The restrictions imposed by California law identified the following list of prohibited places:

  • Hospitals, mental health facilities, nursing homes, medical offices, urgent care facilities, and other places where medical services are customarily provided,
  • Public transportation,
  • Establishments where intoxicating liquor is sold for consumption on the premises,
  • Public gatherings and special events,
  • Playgrounds and private youth centers,
  • Parks and athletic facilities,
  • Department of Parks and Recreation and Department of Fish and Wildlife property, except hunting areas,
  • Casinos and gambling establishments,
  • Stadiums and arenas,
  • Public libraries,
  • Amusement parks,
  • Zoos and museums,
  • Churches, synagogues, mosques, and other places of worship,
  • Financial institutions, and
  • Any other privately owned commercial establishment that is open to the public, unless the operator clearly and conspicuously posts a sign indicating that license holders are permitted to carry firearms on the property.

If that list looks familiar to our readers, it is because it is virtually identical to the list of sensitive places that New Jersey included in its Bruen response bill, signed into law one year ago tomorrow.

Throughout his opinion, Judge Carney points out that law-abiding, vetted permit holders are the only ones being impacted by the California law. Quite interestingly, Judge Carney cites the New Jersey case, Koons v. Platkin, in making his point:

“Simply put, CCW permit holders are not the gun wielders legislators should fear. Indeed, CCW permit holders are not responsible for any of the mass shootings or horrific gun violence that has occurred in California. See Koons v. Platkin, 2023 WL 3478604, at *108 (“And herein lies the problem: despite ample opportunity for an evidentiary hearing, the State has failed to offer any evidence that law-abiding responsible citizens who carry firearms in public for self-defense are responsible for an increase in gun violence.”

Judge Carney points out what every law-abiding citizen knows as a point of common sense:

“Contrary to this interest, SB2 requires that law-abiding citizens open themselves up for slaughter at the hands of people flaunting the law and creates numerous areas ripe for mass murder by ensuring there is no one there to protect people…”

In a simple and elegant conclusion to his 43-page opinion, Judge Carney states:

“The challenged SB2 provisions unconstitutionally deprive this group of their constitutional right to carry a handgun in public for self-defense. Therefore, those provisions must be preliminarily enjoined.”
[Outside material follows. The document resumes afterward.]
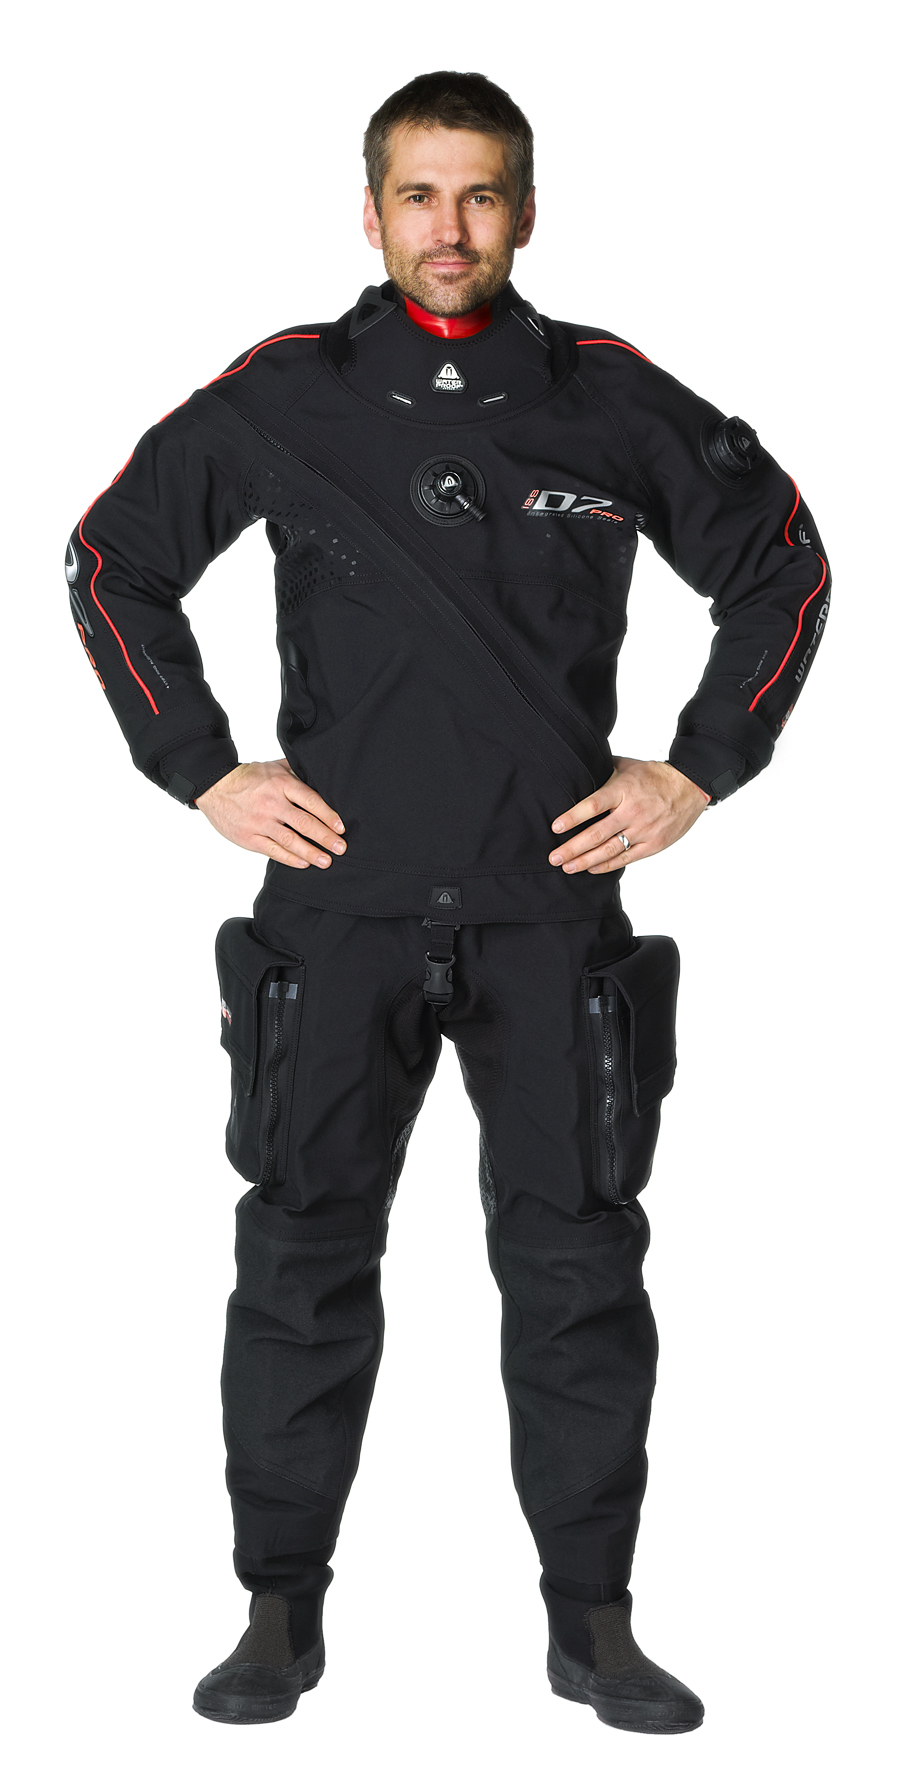 Сухой гидрокостюм Waterproof D7 Pro ISS мужской
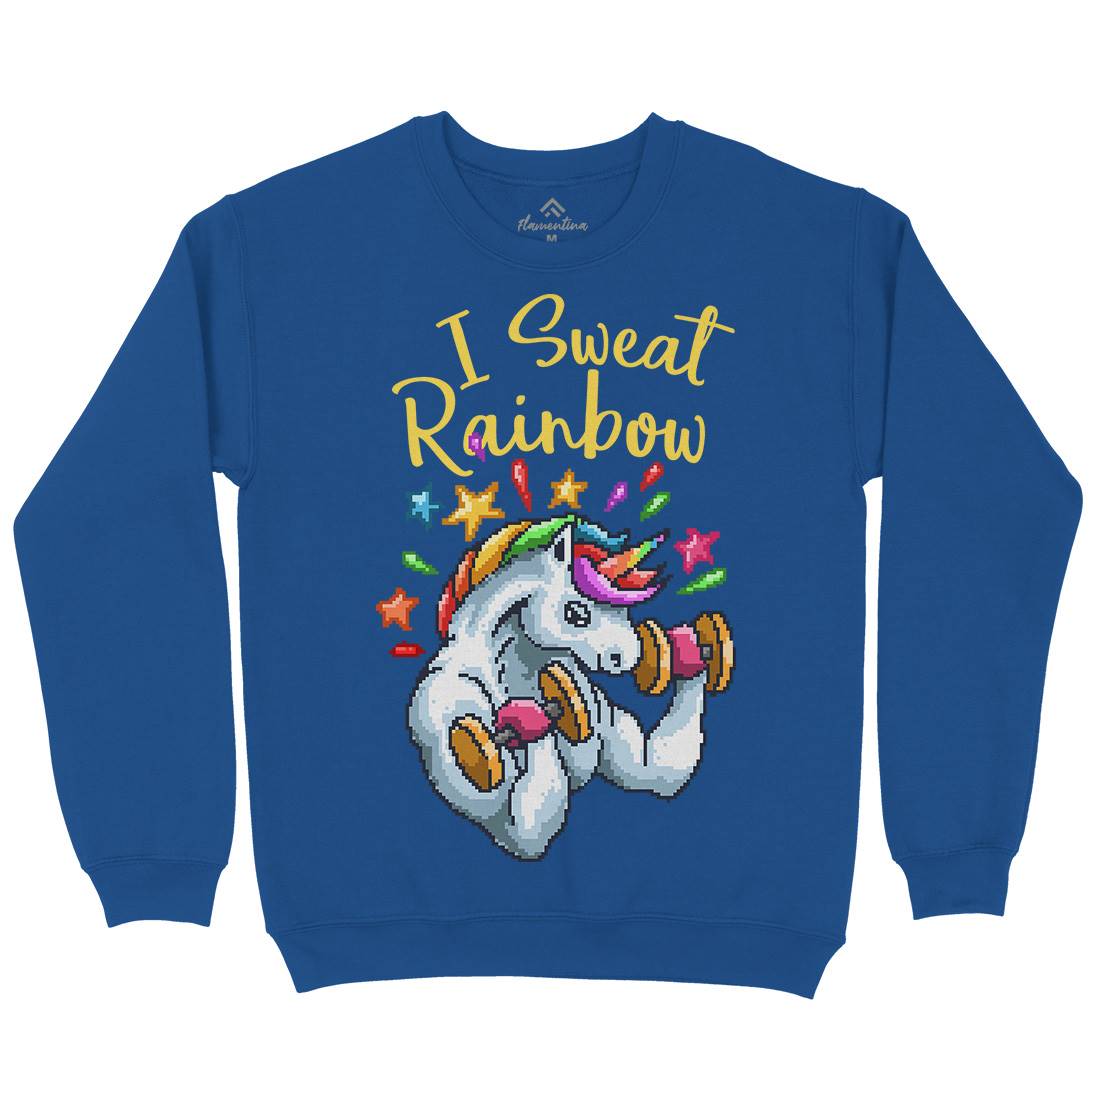 I Sweat Rainbow Kids Crew Neck Sweatshirt Retro B916

Legal scholars point out that it’s highly likely the State will appeal the case to the left-leaning 9th Circuit, which will likely stay the injunction. However, this is one of many cases mounting a body of legal challenges to unconstitutional law specifically addressing the Second Amendment, all in opposition to the Bruen decision issued in 2022. The Supreme Court will be compelled to act in its own self-interest at some point.

The case was brought by Second Amendment Foundation, Gun Owners of America, Gun Owners Foundation, Gun Owners of California, the California Rifle & Pistol Association, and eleven private citizens. Attorneys Chuck Michel, Sean Brady, Kostas Moros, and Donald Kilmer represented the plaintiffs.